Voice of the Bridegroom.

7. I ADJURE YOU, O DAUGHTERS OF JERUSALEM, BY THE GAZELLES AND DEER OF THE FIELDS, THAT YOU DO NOT STIR UP, NOR AWAKEN THE BELOVED, UNTIL SHE HERSELF WISHES. — This is a hunter's oath: for the bridegroom is here introduced as a shepherd and hunter pursuing deer and gazelles, as if saying: I adjure you, O Jews, by the holy angels, who are most swift and keen-sighted, like deer and gazelles: the angels, I say, guardians of Judea, as well as of My Church being born in Judea, that you do not disturb by your tumult, schism, and persecution the faith, peace, and progress of her who burns and languishes with love of Me. Again, that you do not call her away from holy leisure, prayer, and contemplation to the business of the active life; just as Christ rebuked Martha complaining about Magdalene, saying Luke 10:42: "Martha, Martha, you are anxious and troubled about many things. But one thing is necessary: Mary has chosen the better part, which shall not be taken from her."


Second Part of the Canticle, or Second Act of the Drama, in which is described the adolescence and growth of the Church, up to chapter 3, verse 6, just as the infancy of the Church was described from chapter 1 to this point. This adolescence of the Church was after Pentecost, when the apostles, having received the Holy Spirit, went forth to the Gentiles and everywhere founded churches.


Voice of the Bride.

8 and 9. THE VOICE OF MY BELOVED, BEHOLD, HE COMES LEAPING UPON THE MOUNTAINS, BOUNDING OVER THE HILLS: MY BELOVED IS LIKE A GAZELLE, AND A YOUNG DEER. — The bride is here introduced languishing with love, as if falling into a dream and a swoon, and therefore carried by the maidens to a bed, as appears in chapter 3, verse 1: lying therefore on the bed and dreaming, she seems to hear the voice of the bridegroom leaping over mountains and hills like a gazelle and a young deer. Christ is signified going forth through the apostles from Judea, and running through the whole world, and preaching the Gospel to all nations, and nobly surmounting and leaping over all the windings of mountains and roads, and all the obstacles to the Gospel, like a gazelle and a young deer.

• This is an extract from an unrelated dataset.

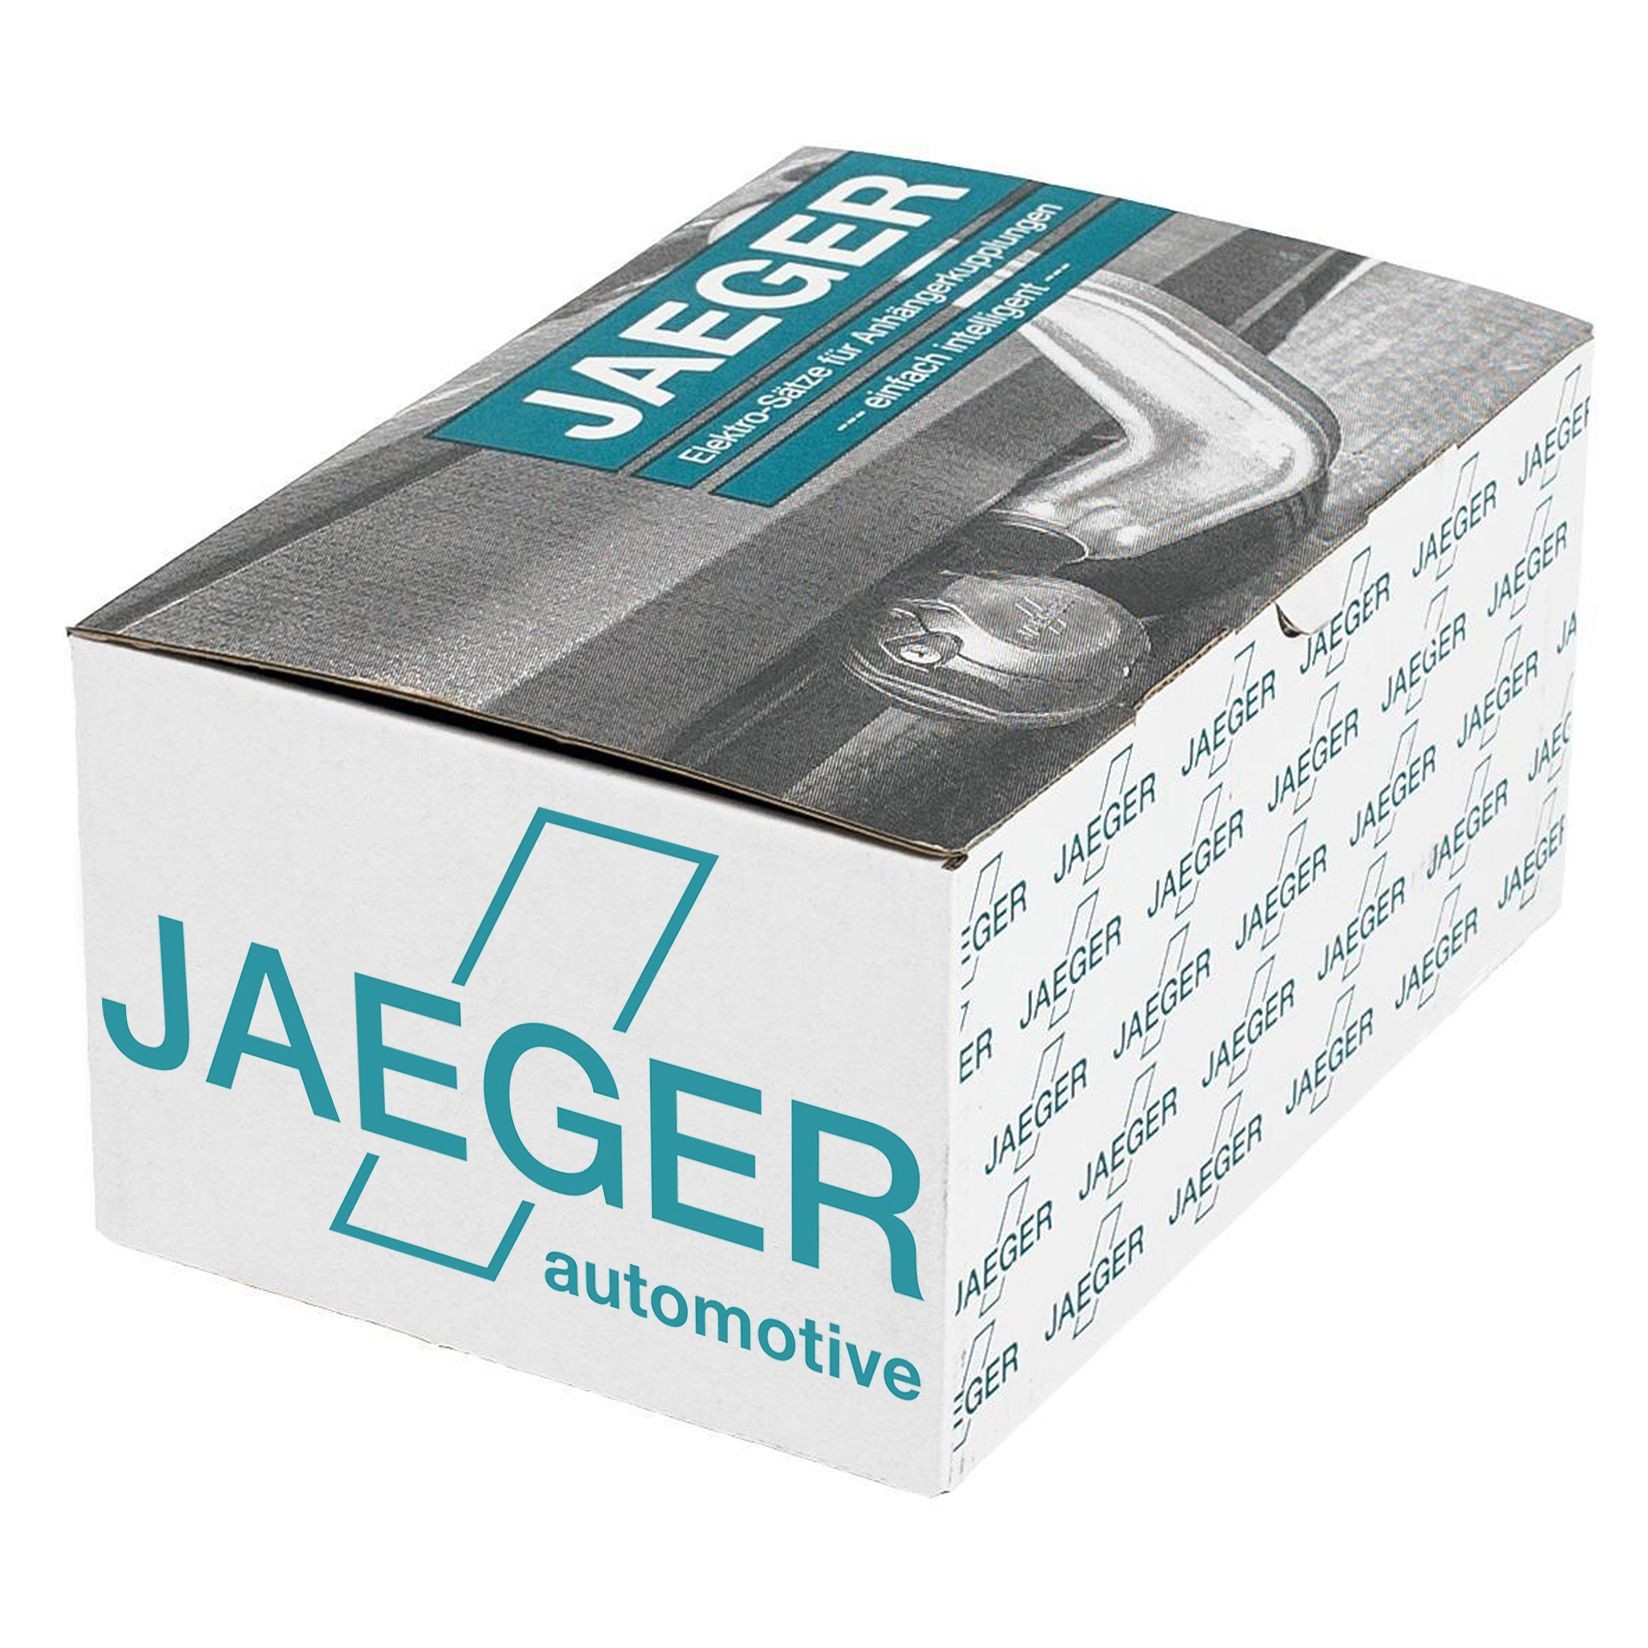 Nissan Towbar electric kit JAEGER 12140510 at a good price

BEHOLD, HE STANDS BEHIND OUR WALL, LOOKING THROUGH THE WINDOWS, GAZING THROUGH THE LATTICES. — Christ at Pentecost manifested Himself to the apostles through the Holy Spirit sent by Him, namely through the tongues of fire resting on the apostles' heads, as through lattices, through which He Himself clearly beheld the apostles, while the apostles saw Him only obscurely, as happens through lattices; and then the apostles and faithful began to frequent the Eucharist, in which Christ, hidden under the species of bread and wine, through them as through lattices and through an intervening wall, beholds us.

10. BEHOLD, MY BELOVED SPEAKS TO ME: ARISE, MAKE HASTE, MY LOVE, MY DOVE, MY BEAUTIFUL ONE, AND COME. — Christ calls forth the bride the Church, that is, the apostles, so that from Judea they may go through the whole world to preach the Gospel. Come therefore, that is, go and win souls, and bring them to Me. He adds the reason.

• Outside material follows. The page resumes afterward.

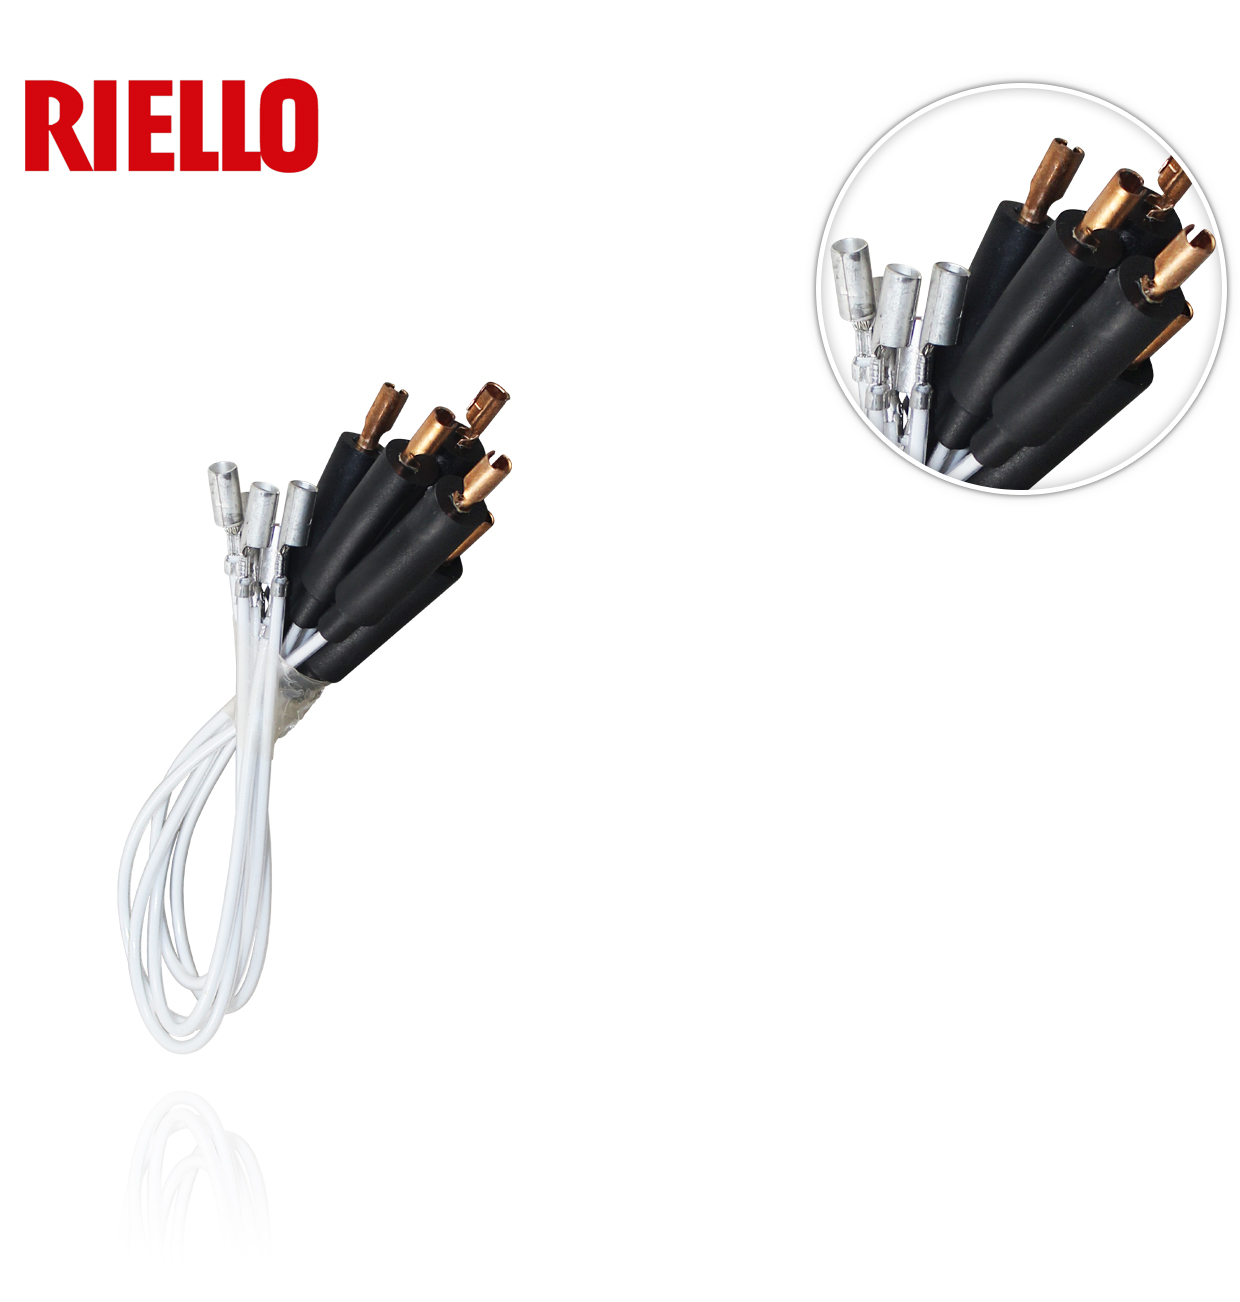 CABLE CONEXION ELECTRODO RIELLO 3002353

11 and 12. NOW THE WINTER IS PAST, THE RAIN IS OVER AND GONE. FLOWERS HAVE APPEARED IN OUR LAND, THE TIME OF PRUNING HAS COME: THE VOICE OF THE TURTLEDOVE HAS BEEN HEARD IN OUR LAND, — as if saying: Now it is the spring of the Gospel; and in spring all things bring forth fruit: bring forth fruit therefore you also, O apostles, because now the winter, and the rain, and the cold of unbelief and sins, as well as of the Mosaic law, have passed. The spring sun, that is, the grace of the Holy Spirit, has now shone forth, preparing all the nations, warming them, and making them desire their salvation and God's friendship, and therefore the flowers of holy desires now appear everywhere. The time of pruning has come, when the vineyards, that is, souls chosen by God, having their vices cut away, are prepared to bring forth grapes of virtues. The voice of the turtledove, that is, the groans of penitent nations desiring to be reconciled to God, is heard everywhere.

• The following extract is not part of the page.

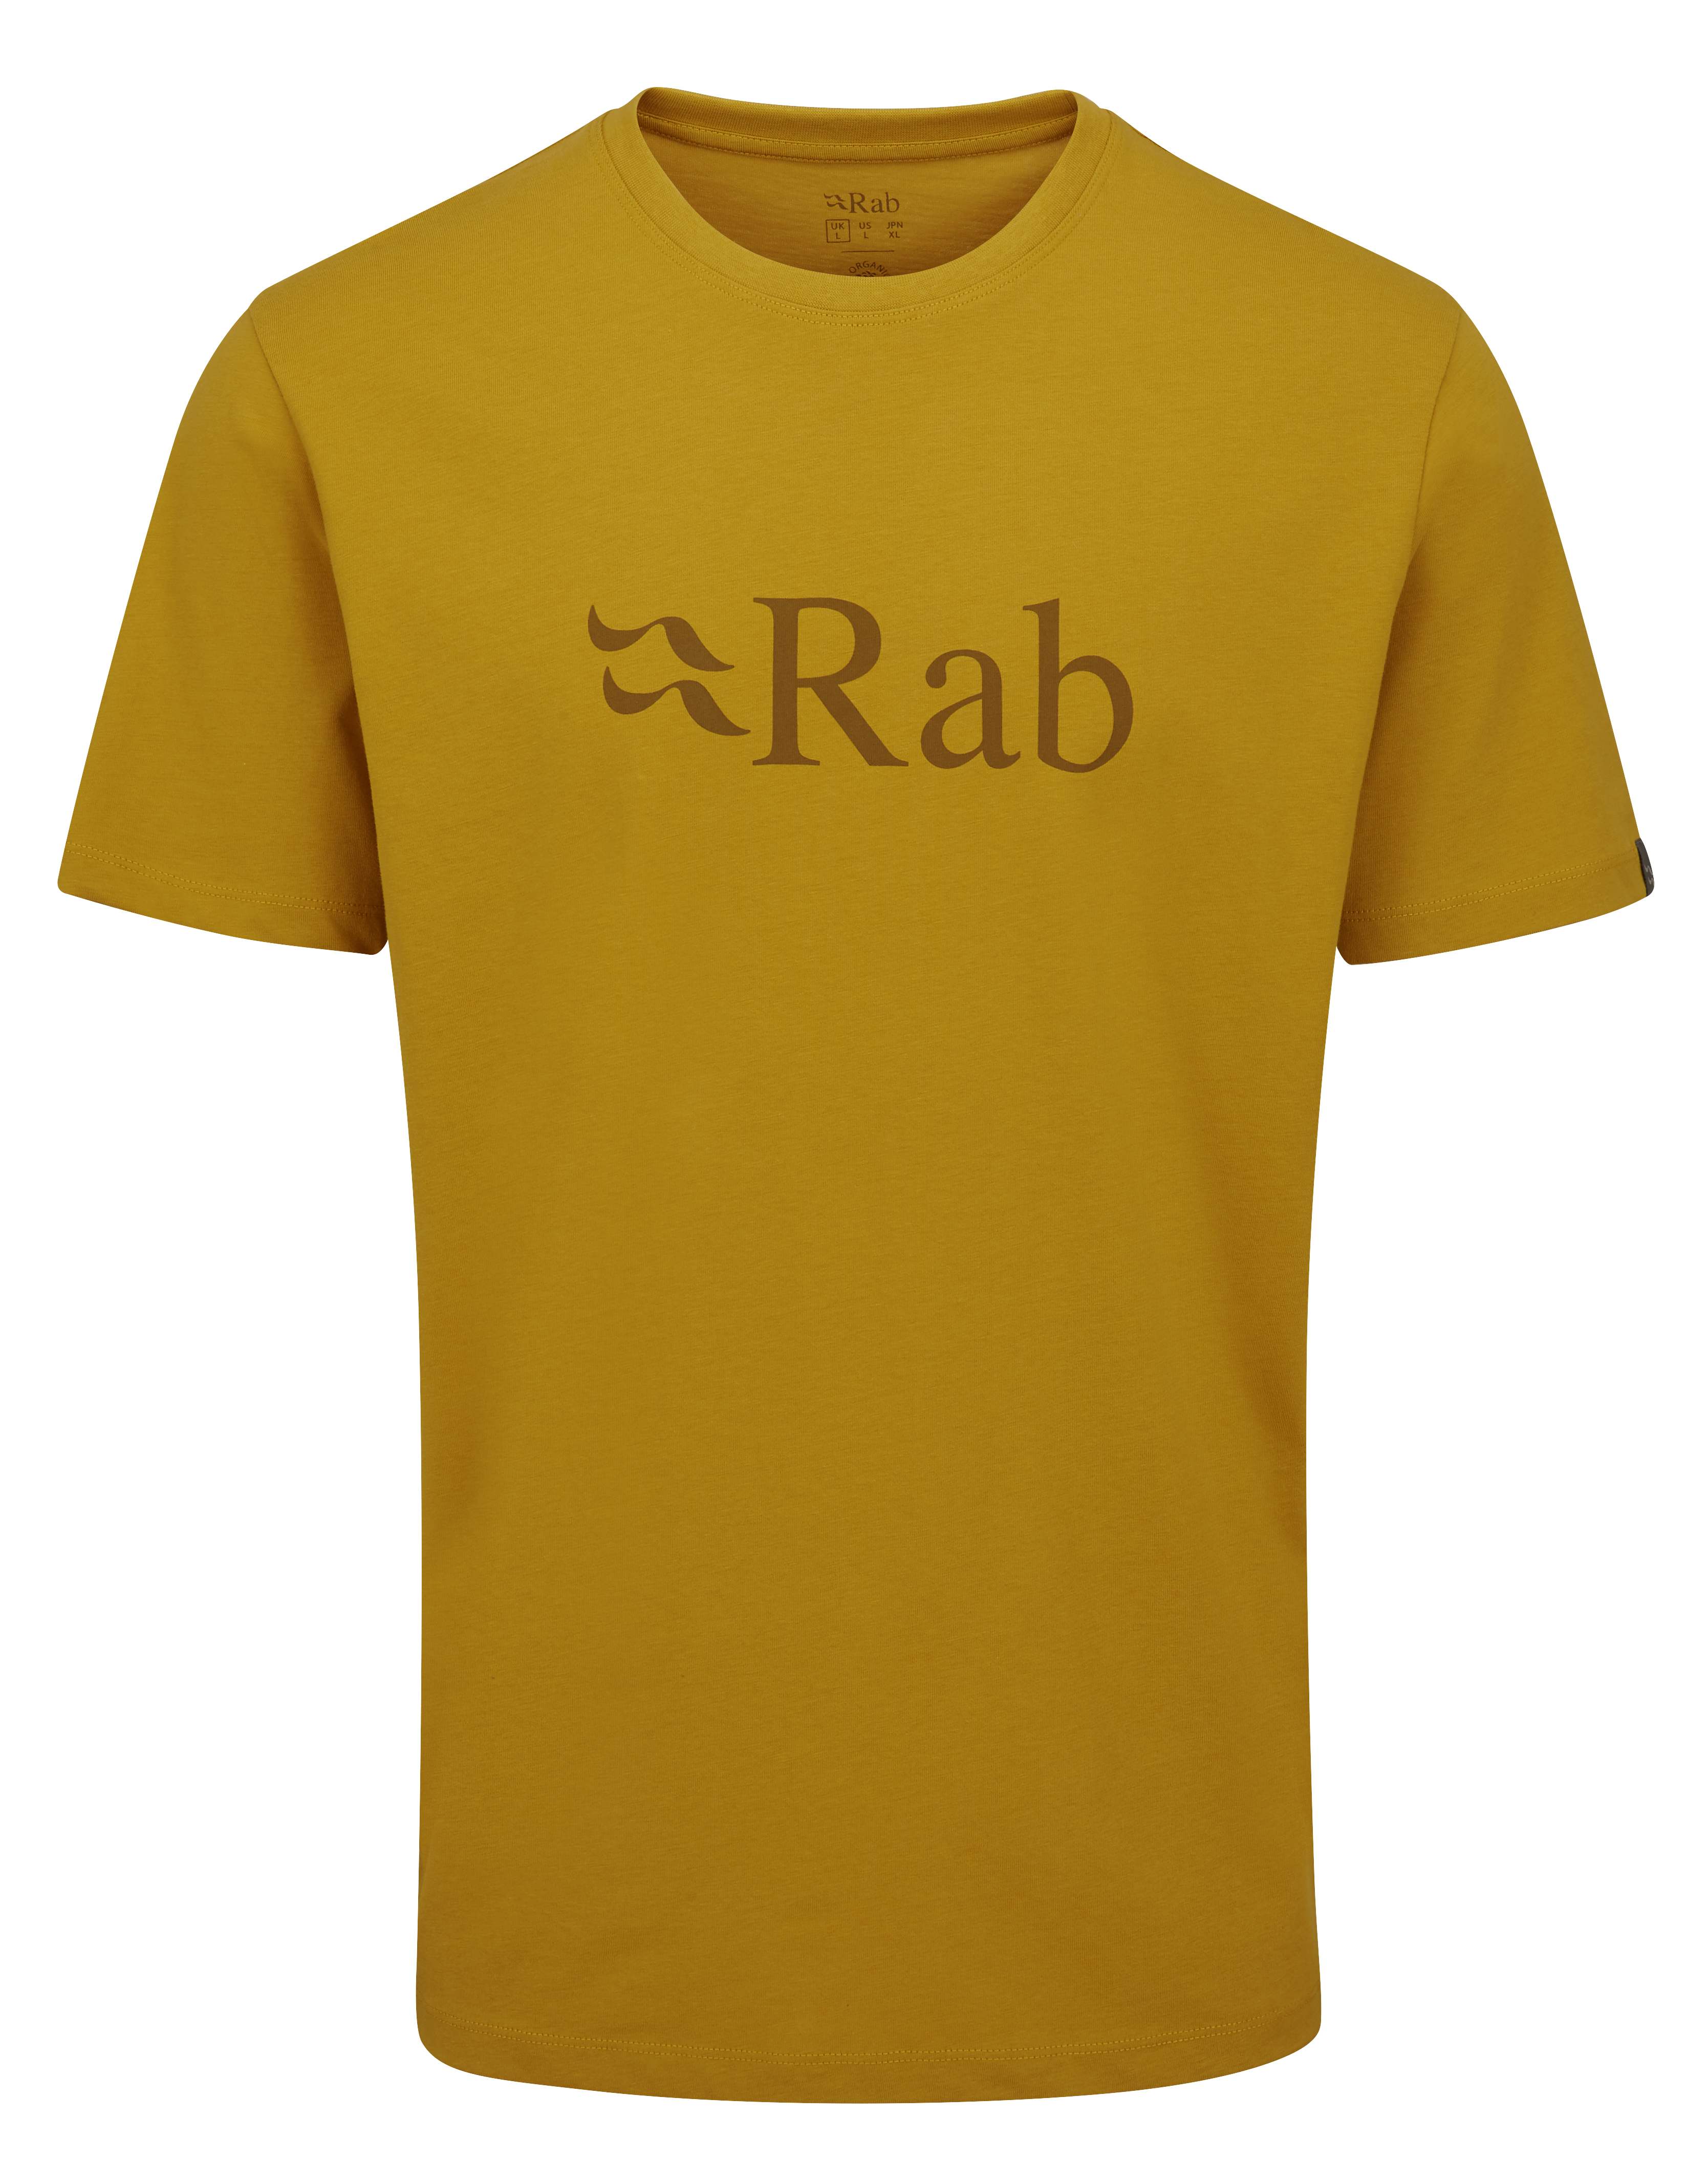 Rab - Stance Logo SS Tee - T-shirt - Uomo

13. THE FIG TREE HAS PUT FORTH ITS GREEN FIGS: THE VINES IN FLOWER HAVE GIVEN THEIR FRAGRANCE, — as if saying: When the apostles preached in the spring, namely at Pentecost and afterwards, the fig tree put forth its green figs, that is, many Jews were converted to Christ; and the vines in flower, that is, the nations beginning to believe, gave forth the fragrance of holy life, reputation, and example, and from these the hope of great fruitfulness, namely, the conversion of absolutely all nations. Moreover, just as some green figs ripen, but very many fall off unripe, so few of the Jews were constant in the faith: for very many of them fell away from the faith and relapsed into Judaism.

ARISE, MY LOVE, MY BEAUTIFUL ONE, AND COME. — By this repetition, says Nyssen, the Church and soul are stirred up to progress always in virtue, especially in zeal for souls and the propagation of the Gospel: for properly here it is the progress of the Church that is treated.

14. MY DOVE IN THE CLEFTS OF THE ROCK, IN THE HOLLOW OF THE WALL, SHOW ME YOUR FACE, LET YOUR VOICE SOUND IN MY EARS: FOR YOUR VOICE IS SWEET, AND YOUR FACE IS COMELY. — The apostles, before the coming of the Holy Spirit, fearing the Jews, were hiding in the upper room, just as doves hide in holes and caves; then Christ, having now sent the Holy Spirit, who made them courageous, calls them forth, to come out in public, and there show their face to the people, and give forth the voice of preaching, which is sweet to Him and salutary to their hearers.

15. CATCH US THE LITTLE FOXES THAT DESTROY THE VINEYARDS: FOR OUR VINEYARD HAS BLOSSOMED. — The foxes are heretics, springing up at the beginning of the Church, such as Simon Magus, Menander, Basilides, Carpocrates, the Gnostics: these were slyly undermining the vineyard, that is, the Church and the faith, like foxes. He orders them caught while they are small, lest when grown and multiplied by breeding they cannot be caught and uprooted.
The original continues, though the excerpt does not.